━━ Data under study ━━
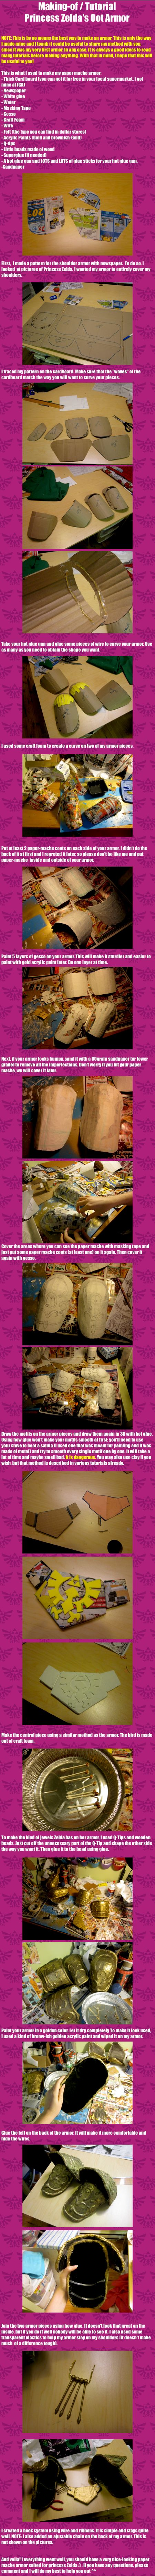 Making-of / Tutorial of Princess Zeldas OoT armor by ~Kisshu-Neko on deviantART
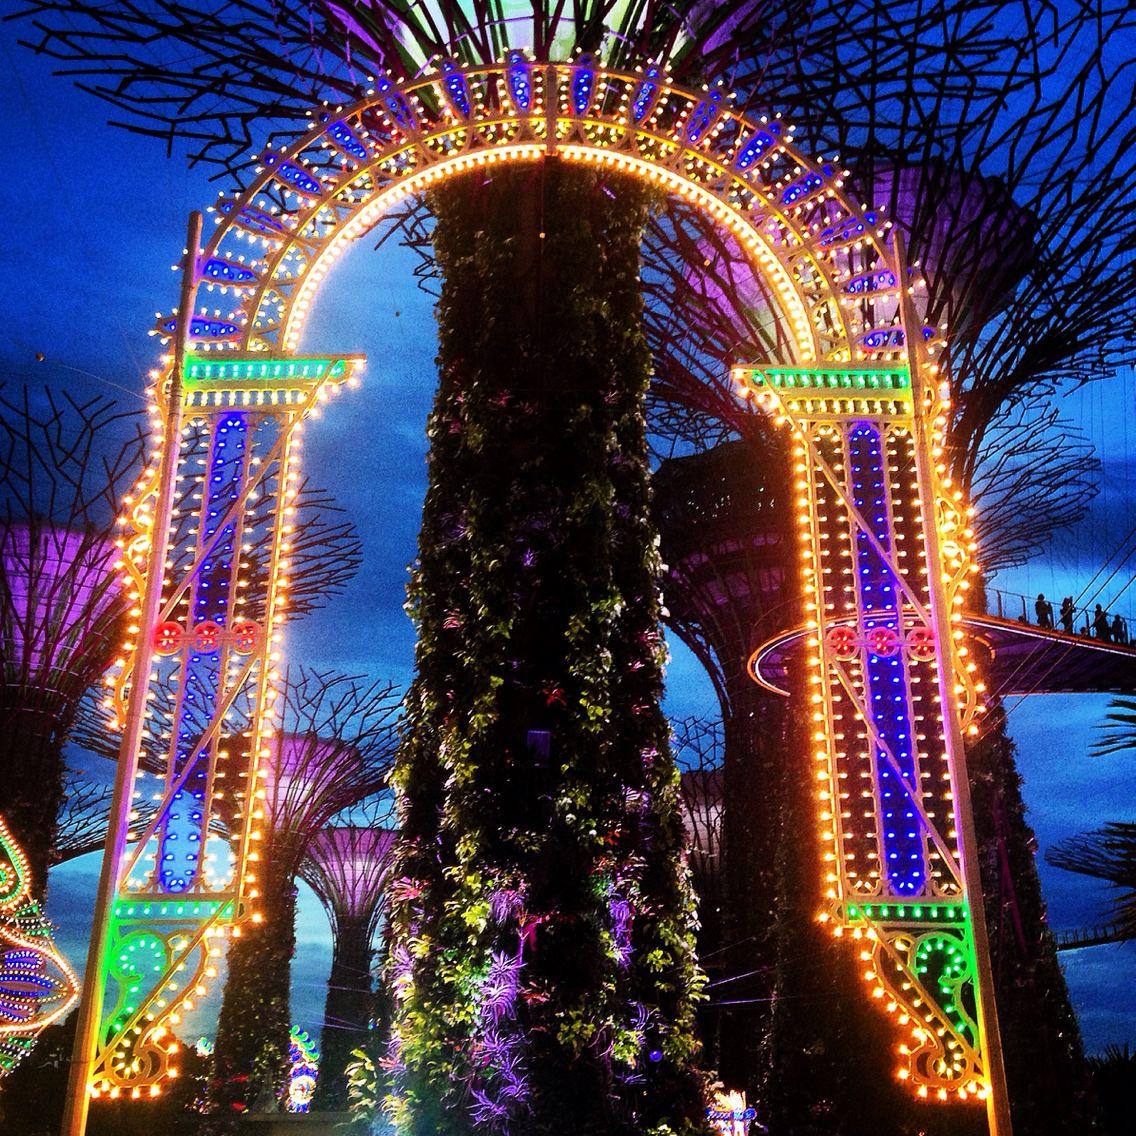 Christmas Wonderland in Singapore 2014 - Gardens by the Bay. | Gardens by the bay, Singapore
━━━
━━ Data under study ━━
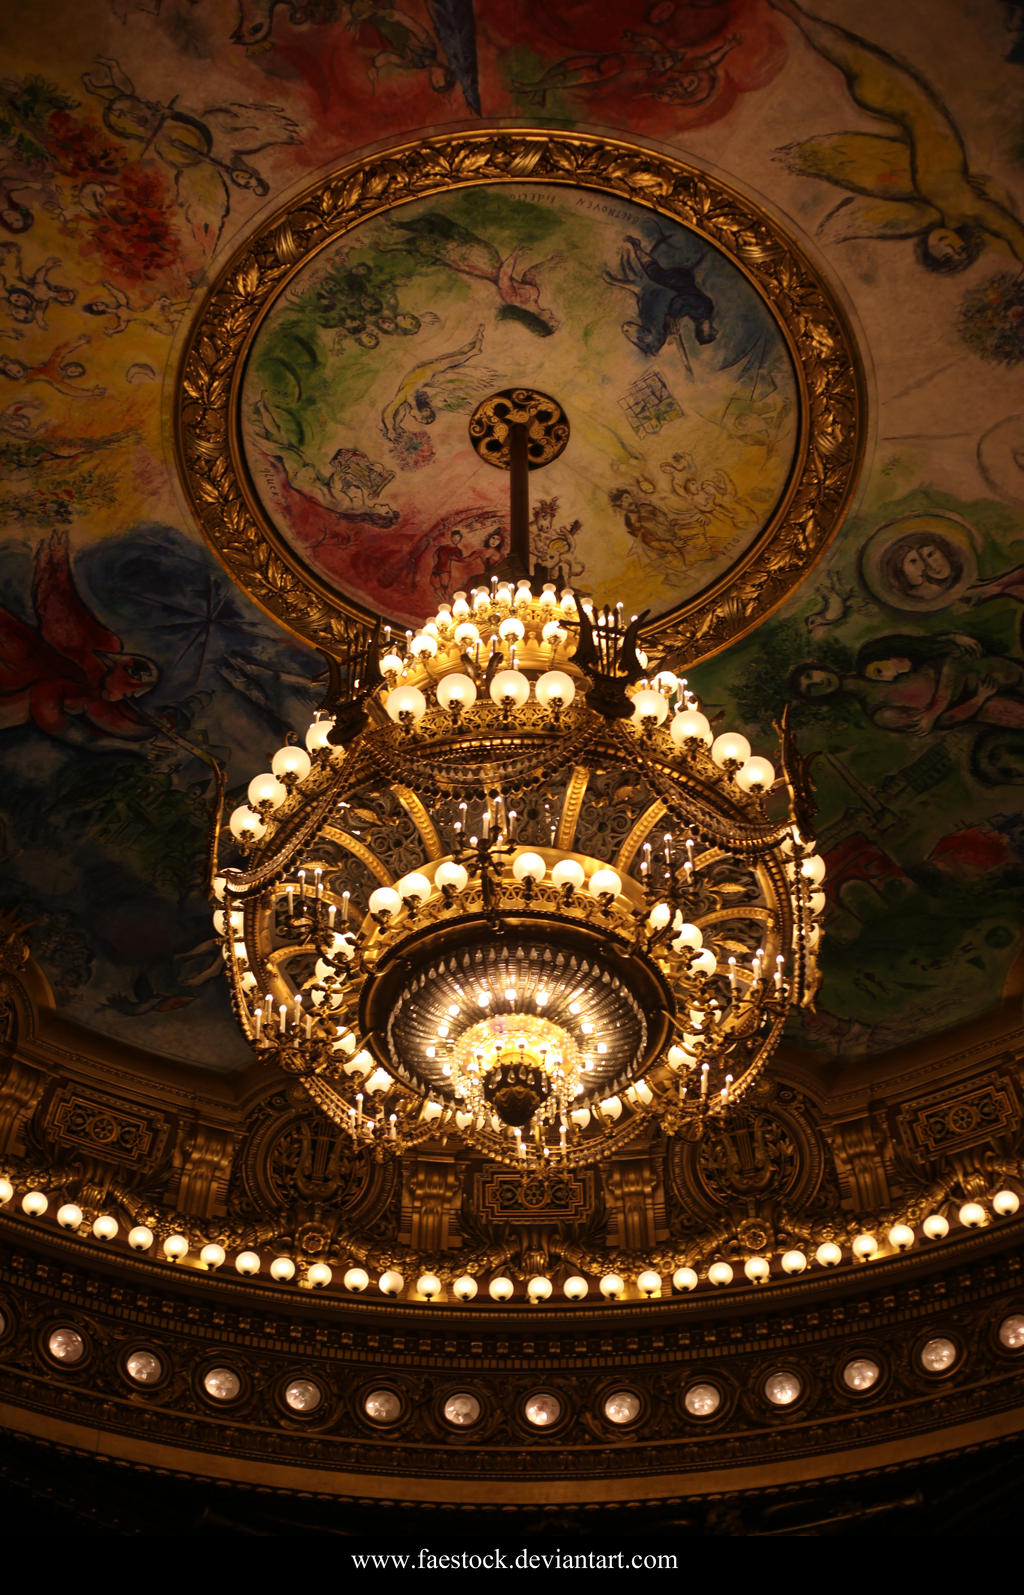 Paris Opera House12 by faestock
━━━
When you reach the line holding "Making-of / Tutorial" in the listing above, begin retyping exactly, and stop once the line holding "Christmas Wonderland in" is done; pictures stay out.

 Making-of / Tutorial of Princess Zeldas OoT armor by ~Kisshu-Neko on deviantART
 Christmas Wonderland in Singapore 2014 - Gardens by the Bay. | Gardens by the bay, Singapore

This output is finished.